You Need to Clear Your Emotional Clutter Now
Free yourself with a new kind of Spring cleaning

The best way to find out what we really need is to get rid of what we don’t.~Marie Kondo
Decluttering has gained popularity in recent years. Maybe it’s because we’ve accumulated more stuff than ever before.
Marie Kondo’s bestseller, The Life-Changing Magic of Tidying Up, incorporates Shintoism to bring life to our belongings. Every inanimate object carries energy. Anything that doesn’t spark joy needs to be thanked, then promptly discarded. She coined the term KonMari for clearing clutter in this fashion.
I periodically KonMari my belongings, although she claims you can do it only once when thorough. I do a modified version. I check how I feel about an item. Whatever no longer serves me needs to go.
It’s almost time for Spring cleaning, which made me think of the different kinds of clutter we accumulate in our lives.
We tend to overlook emotional and mental clutter. Worn out ideas, thinking, and behaviors stop forward movement and rob us of inner peace. We need to exfoliate more than our skin. We need to do what I call spiritual exfoliation.
Spiritual exfoliation includes letting go of old habits and behaviors no longer serving us. When we’re willing to release what’s broken, we create space for healthy living.
Emotional baggage has no place in our home, in our physical space, minds, and hearts.
Here are a few things to discard:
Fear and anger
Anger is often an outward expression of fear. We’re afraid of losing control. We fear we might lose what we have or not get what we want. We lash out, like a wild animal protecting themselves. We could turn anger inward, which can manifest as anxiety and depression.
I’ve been getting angry at my kids for not eating enough. I’ve shared before how I was briefly neglected and had to steal food. My past trauma exacerbates my fear they’re not getting enough to eat. It comes out as anger toward them. Why won’t they take care of themselves? But blaming them won’t help. None of us are starving.
I don’t need to fight to survive. I was projecting my fear onto them. I had to let go of my old reactions. I changed how I responded. Our relationship is healthier as a result.
Resentment
Holding onto anger and wrongdoings leads to resentment. I’ve heard in 12-step meetings resentment is the number one offender. It will eat you up inside. Resenting someone won’t heal you.
How do we let go of resentment? My 12-step program helped me address them. I make a list of my grievances, the effects they have on me, and my part in the situation. My part includes selfishness, self-seeking (expectations), dishonesty, or fear. I reflect on what I could do differently next time. Writing it down makes a huge difference in owning my part, and what actions or attitude I can change.
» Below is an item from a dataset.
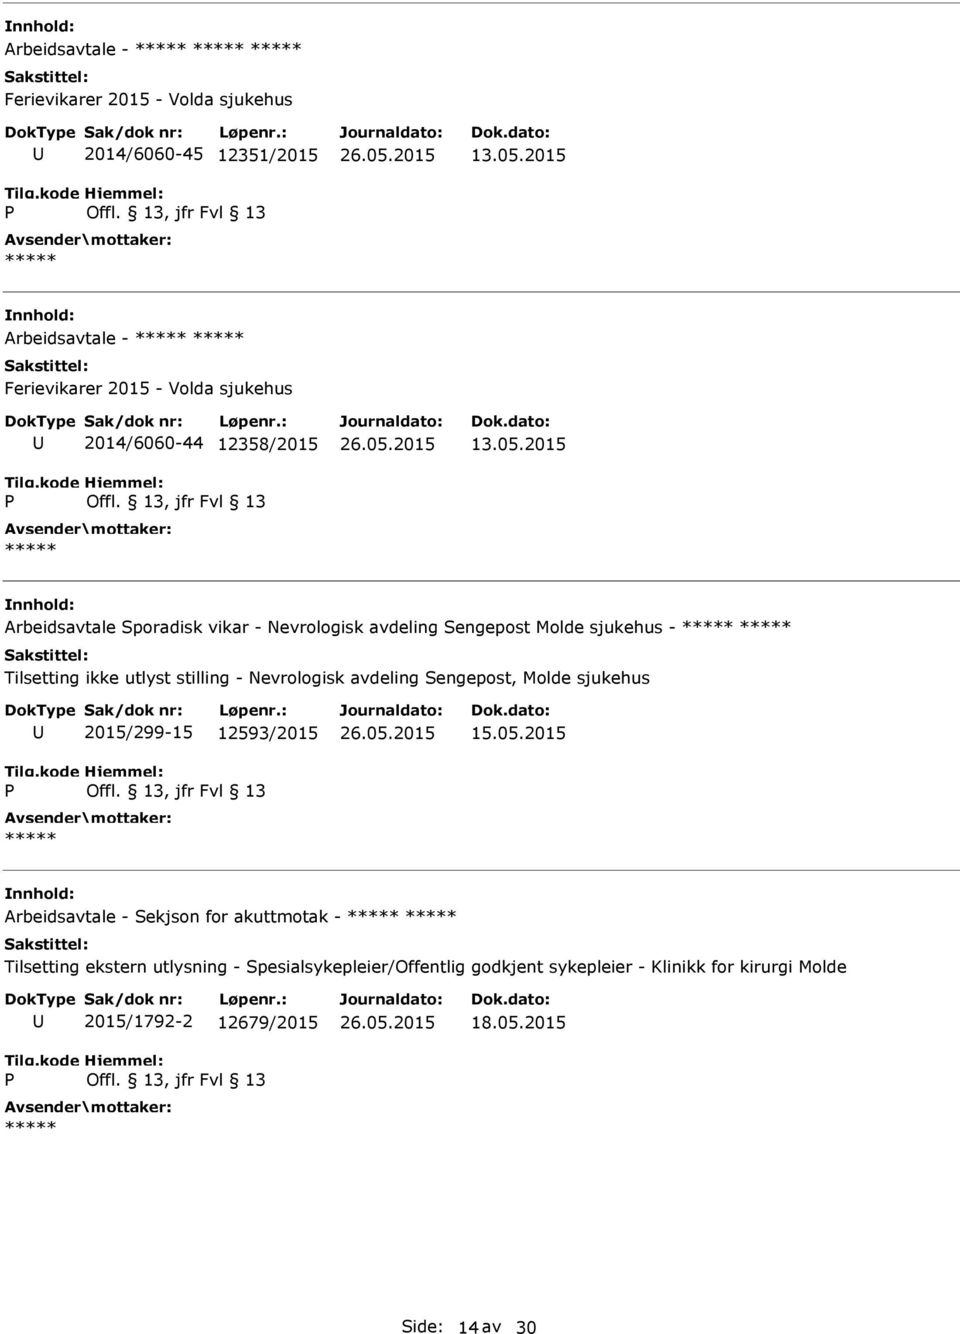 2015 Arbeidsavtale Sporadisk vikar - Nevrologisk avdeling Sengepost Molde sjukehus - Tilsetting ikke utlyst stilling - Nevrologisk avdeling

I highly recommend this practice to everyone. Resentments belong in your give away box instead of festering in your mind.
Expectations
I’ve discovered how often expectations lead to resentment. We expect a lot from people, and it can be too much. People will inevitably let you down. Unreasonable expectations keep us stuck in a loop of justified anger. I try not to “should” on anyone anymore. I don’t even use the word in my writing. It feels forceful and unrealistic.
Expecting someone to meet all your needs will lead to unhappiness and disappointment. I used to do this in relationships. I’ve expected my partner to fill in what I’m missing. Sometimes I still revisit the notion of one person completing me.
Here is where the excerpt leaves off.